Intel's upcoming Core i7 processors in the LGA2011 package, codenamed "Sandy Bridge-E," will come in a unique package that's completely different from what's being reported as AMD's, in which self-contained liquid CPU coolers will be bundled with some FX-series processors. Intel's upcoming Core i7-3820, Core i7-3930K and the Core i7-3960X Extreme Edition processor boxes will lack Intel's certified (stock) heatsink-fan (HSF). Instead, Intel plans to sell the certified coolers separately, probably having the same market reach and availability as the processors themselves.

The idea behind this is that the target users of Sandy Bridge-E will most likely use third-party cooling solutions. Hence it makes sense to save them of a chunk of metal they'll probably never use. For those who do use stock cooling, seldom/never overclock, and rely on the Intel certification to go with the cooler, Intel will have the certified cooler available separately for purchase, with its retail partners. Sandy Bridge-E processors have a rated TDP of 130W, though tests by those having access to engineering samples have shown that it can reach as much as 180W on load, even without overclocking. It is expected that PC cooling products manufacturers will have entire lines of LGA2011-ready coolers in time for the launch of Sandy Bridge-E.

Source: VR-Zone

Intel Desktop Board Lineup for 2011-12 Disclosed

Here are some of the first motherboards by Intel's Desktop Board brand of consumer motherboards. Towards the end of 2011, Intel will release its Sandy Bridge-E high-end desktop platform. Like with the launch of any new chipset or desktop platform, Intel will have its Desktop Board products in place, that follow the chipset and branding specifications to the letter. With Sandy Bridge-E, Intel will launch two Extreme Series motherboards, the DX79SI and the DX79TO. In the second half of 2011, Intel will also launch a variety of Intel Atom boards, including one codenamed "Marshaltown".

Then in the first half of 2012, Intel will launch its next-generation 22 nm "Ivy Bridge" desktop processors in the LGA1155 package (compatible with Sandy Bridge). To back its launch, Intel will release a new chipset called Z77 Express. There will be no discrete graphics chipsets. H77 is the client desktop chipset that lacks overclocking features. Z77 has them, and support for Smart Response technology. Q77 adds a few enterprise management features.
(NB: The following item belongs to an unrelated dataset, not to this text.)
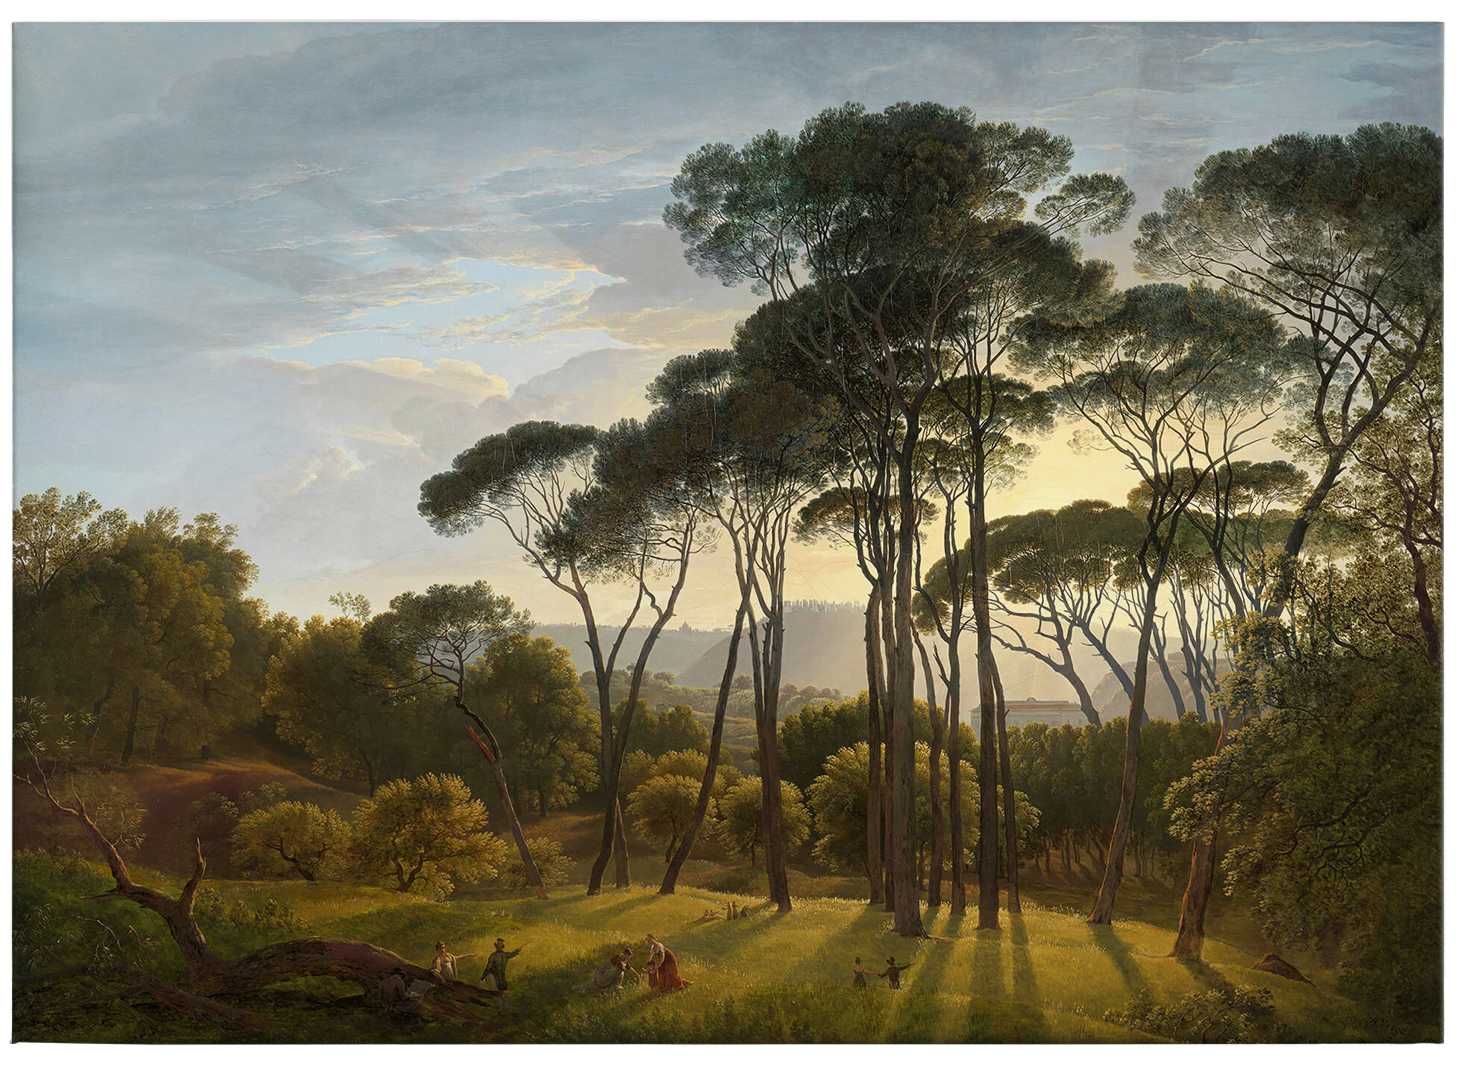             Peinture sur toile Paysage italien de Voogd - 0,70 m x 0,50 m

Intel's Z77 based motherboards include two Extreme series models, and two top-end Media Series models.

Source: DonanimHaber

Sandy Bridge-E 2011 Launch Put on Slide, Ivy Bridge in March-April 2012

Last month, there reports of Intel pushing its Sandy Bridge-E enthusiast desktop platform to 2011. It was originally scheduled for 2011, but was reportedly delayed to 2012 because of issues Intel was facing with its flagship desktop chipset, codenamed Patsburg-D. Intel will be launching Sandy Bridge-E this year, but the first wave of motherboards will feature Patsburg-A/B chipsets, which have fewer SATA 6 Gb/s ports than Patsburg-D.

Intel put its launch plans on paper with its latest desktop platform roadmap, that shows the first three models of socket LGA2011 Sandy Bridge-E processors, the six-core Core i7-3960X, Core i7-3930K, and the quad-core Core i7-3820, featuring in the Q4 2011 column. The roadmap shows that the three processors will hold their market-positions till Q2-2012, when Intel will release faster models to displace them. The roadmap slide also shows that Ivy Bridge, Intel's next-generation socket LGA1155 processors that are built on the 22 nm fab process, will be released in March or April 2012, and not early 2012 as speculated earlier.